Kevin Moore introduces David Benjamin Sherry’s brashly colored landscapes, which invoke iconic American photographers, including Carleton Watkins, Edward Weston, and Minor White, Aperture’s founding editor. The subject of White’s sexuality was explored in last year’s Getty Museum exhibition that featured the little-known 1948 handmade book, The Temptation of St. Anthony Is Mirrors, an early homoerotic series of White’s student-model. Two images from this project appear above, and on the occasion of this issue, we have republished Moore’s 2008 essay, “Cruising and Transcendence in the Photographs of Minor White,” on our website (aperture.org/minorwhite218).

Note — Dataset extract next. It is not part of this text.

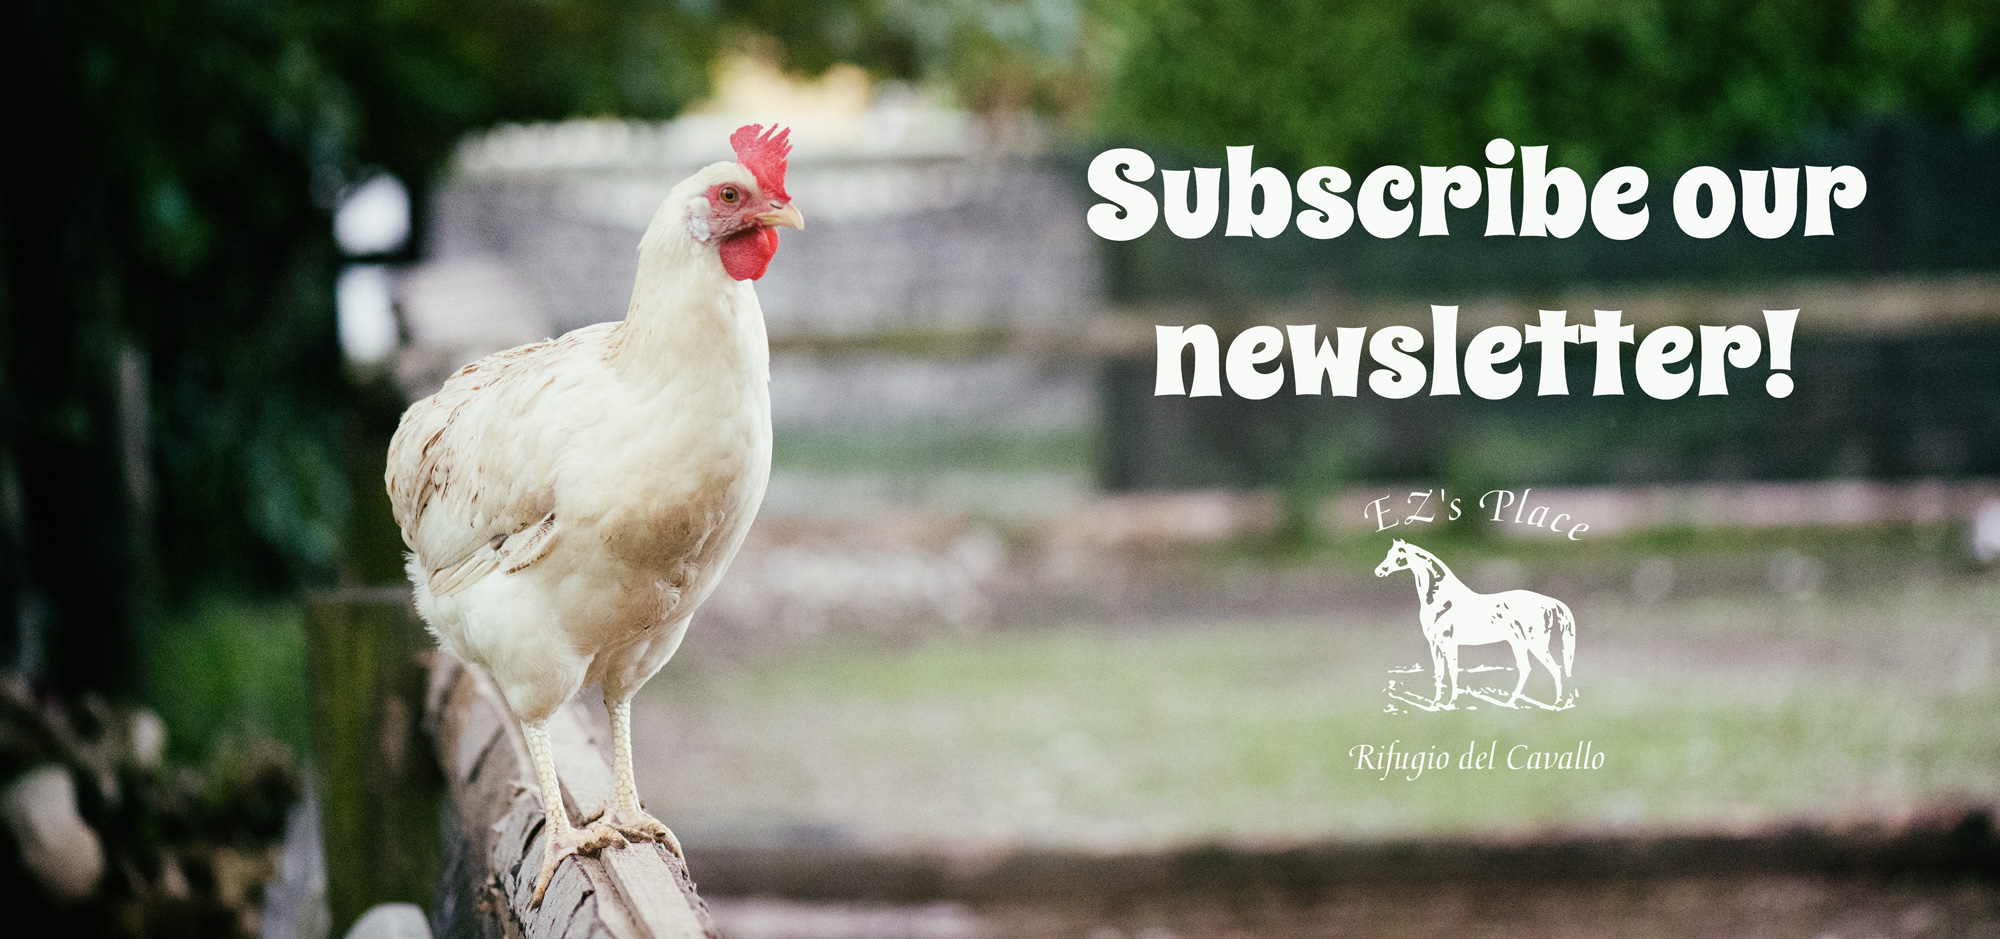 Subscribe our newsletter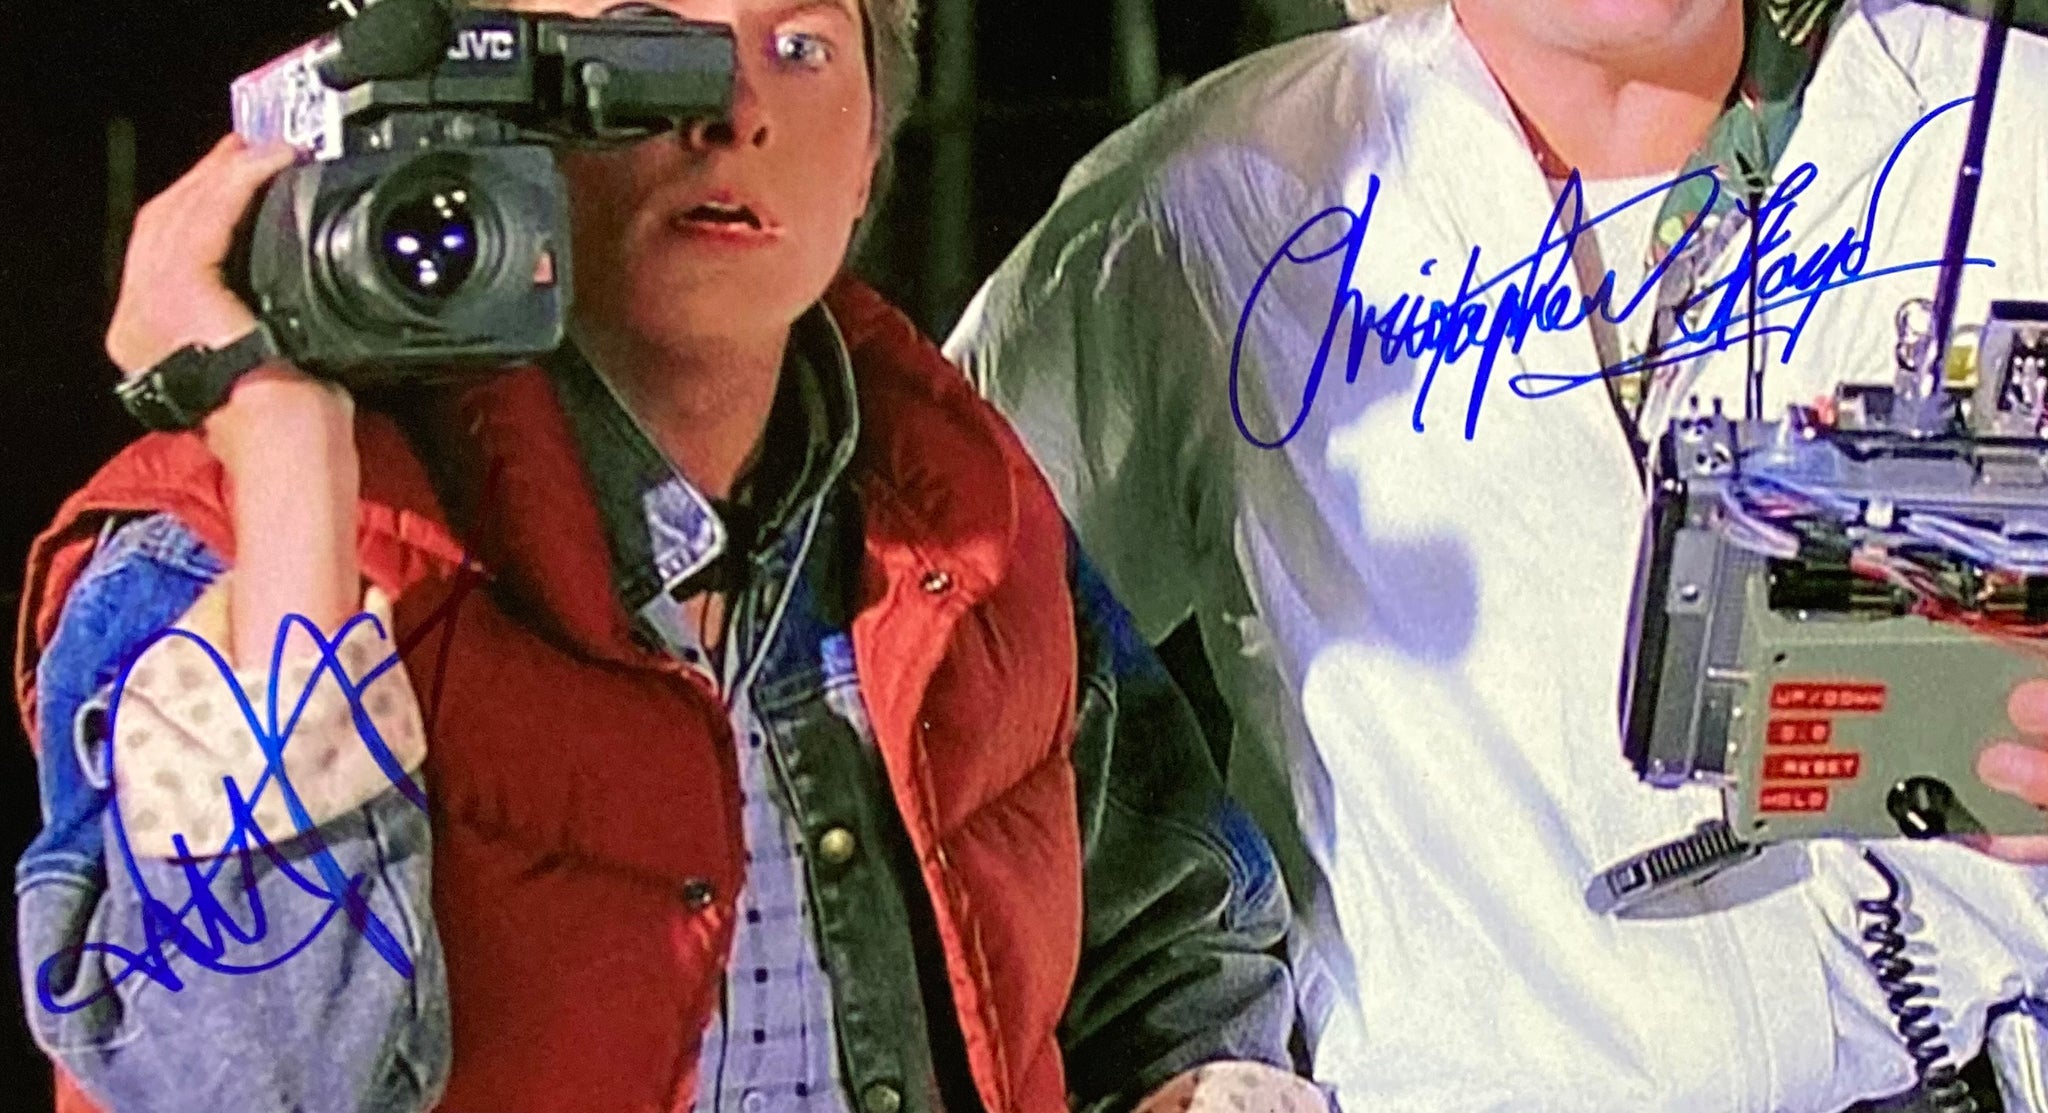 Michael J. Fox creates 'Back To The Future' goalie mask with

Queer perspectives continue to offer essential counterpoints to the dominant heteronormative (and patriarchal) paradigm. Vince Aletti sums this idea up best in his contribution when he writes: “Queer doesn’t have a look, a size, a sex. Queer resists boundaries and refuses to be narrowly defined.” This idea is evident in A.L. Steiner’s anarchic collages, which playfully grapple with our moment of economic and environmental crisis, in K8 Hardy’s series of self-portraits that confound gendered tropes and play with conventions of fashion photography, and in Shannon Michael Cane’s survey of queer independent publishing. And working in a very different sociopolitical and cultural context, Ren Hang, a young Chinese photographer whose work appears on our cover, has garnered a following in his country while stirring controversy. In his raw, playful images, nudity is the norm, and sexual preference and gender begin to feel irrelevant. While Hang doesn’t identify as part of a specific queer scene or movement in China (and the term queer doesn’t entirely translate there), his provocative and weirdly beautiful images seem to be emblematic of the contemporary idea that gender and sexuality are fluid—pointing toward a future (and, for some, a present) in which traditional dichotomies of gender and sexuality no longer apply.